Client browser (IE, as it happens), is requesting a page from an application server over HTTPS. The delivered page then points to many other image/javascript resources, as you might expect. Some of these were previously being delivered from the web server in question, over HTTP (directly to an the IP address of the server).

 

 

Recently, this web server was expanded to 2 servers, and an F5 VIP put in front to load balance and improve performance/reliability. Configuration on that is almost entirely defaults for an HTTP VIP. The only change I can think of was to switch to the tcp-lan-optimized profile. All else is the same. Round Robin, no priority groups, etc etc. Everything appeared to be working fine, performance improved, mission accomplished.

 

 

However, shortly after that change, one of the QA folks mentioned that they started getting this IE popup indicating that the page contains both secure and nonsecure items (I'm sure you've seen this before). However, to my way of thinking, that was also true before, and the F5 shouldn't have introduced any change in whether that popup would appear or not.

 

 

Am I missing something? Is there *anything* the F5 could be doing that would suddenly cause this popup to appear where it wasn't before? I won't claim to understand all the possible header manipulations that are possible and how they might impact this, but my gut is telling me it has nothing to do with the F5.

 

 

They will be doing further testing today, but I thought I'd ping folks here and see if y'all had any guidance.

 

 

Thanks in advance,

 

- ZJ

 

4 Replies

  • Hi, yes you are correct, its not the F5 but the way IE works.

     

     

    As you have moved from a web server IP to a VIP IP, IE will no longer know that the source of the HTTP content is a different server. And as VIPS are protocol specific, IE browser sees that the request is coming from one server serving HTTP and HTTPS traffic. This may be reason for the issue.

     

     

    We faced similar issue earlier and after the app team fixed the code by changing the calls to HTTPS instead of HTTP, we no longer got the popup.

     

     

    - Santosh.

     

     

     

  • As Santosh says, the simplest fix is to change the application and replace the http:// references with https:// or relative references without the protocol specified.
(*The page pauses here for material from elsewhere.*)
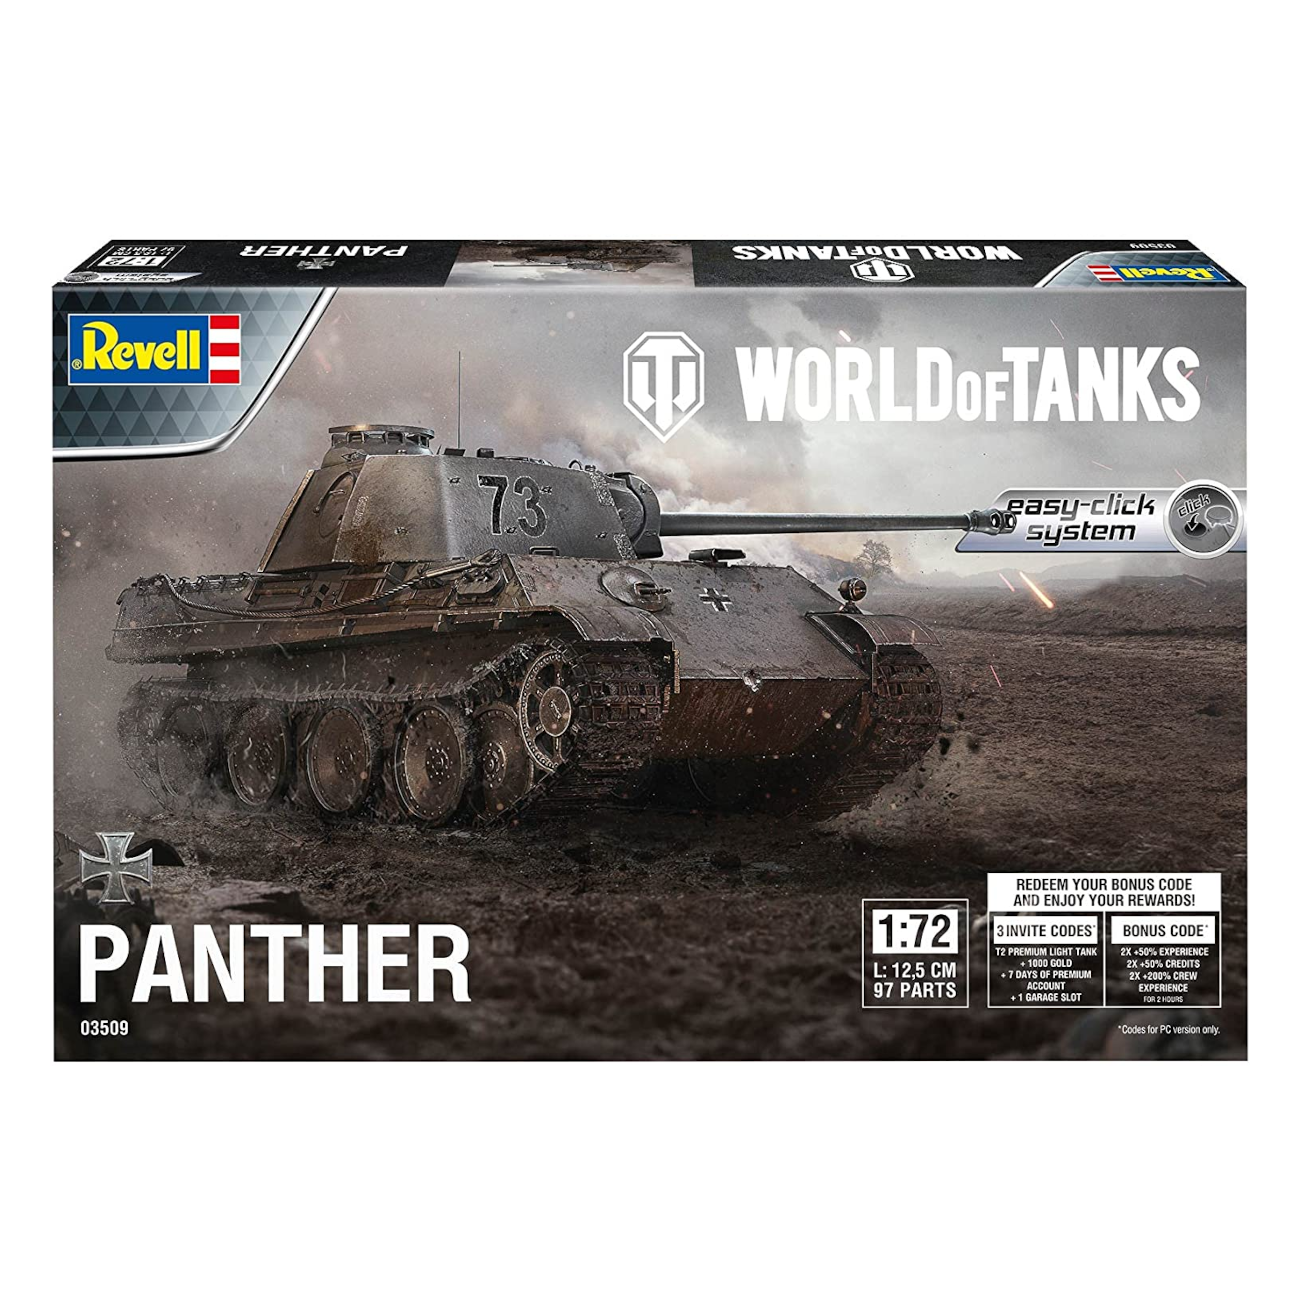 Revell 03509 -  Panther Ausf D - World of Tanks easy-click

Else, if that's not an option, you could use a stream profile and STREAM::expression iRule to rewrite the http:// references to https:// in the response payloads:

     

     

    https://devcentral.f5.com/wiki/iRules.stream__expression.ashx

     

     

    Aaron
  • The traffic was always 2 separate servers. Server A dishes out the top level doc, and was always HTTPS, and then the subsequent image and script resource requests were going to Server B over HTTP. Server B is the one that is now behind a VIP. So yeah, I can't see how that behavior would have changed just for putting an F5 in there. It should *always* have had that same issue.

     

     

    Hopefully, today's testing will yield up some useful information.

     

     

    Thanks,

     

    - ZJ
  • Interesting conclusion. Figured I would let you all know.

     

     

    The thing that caused the popup was a change in the application. They had started using a DNS name for the http URL (of the VIP) instead of the IP address of the VIP. For whatever reason, the browser(presumably) would then flag the page as having secure and non-secure items, but if only the IP address is used, it doesn't.

     

     

    Still seems hokey, but at least they have a fix.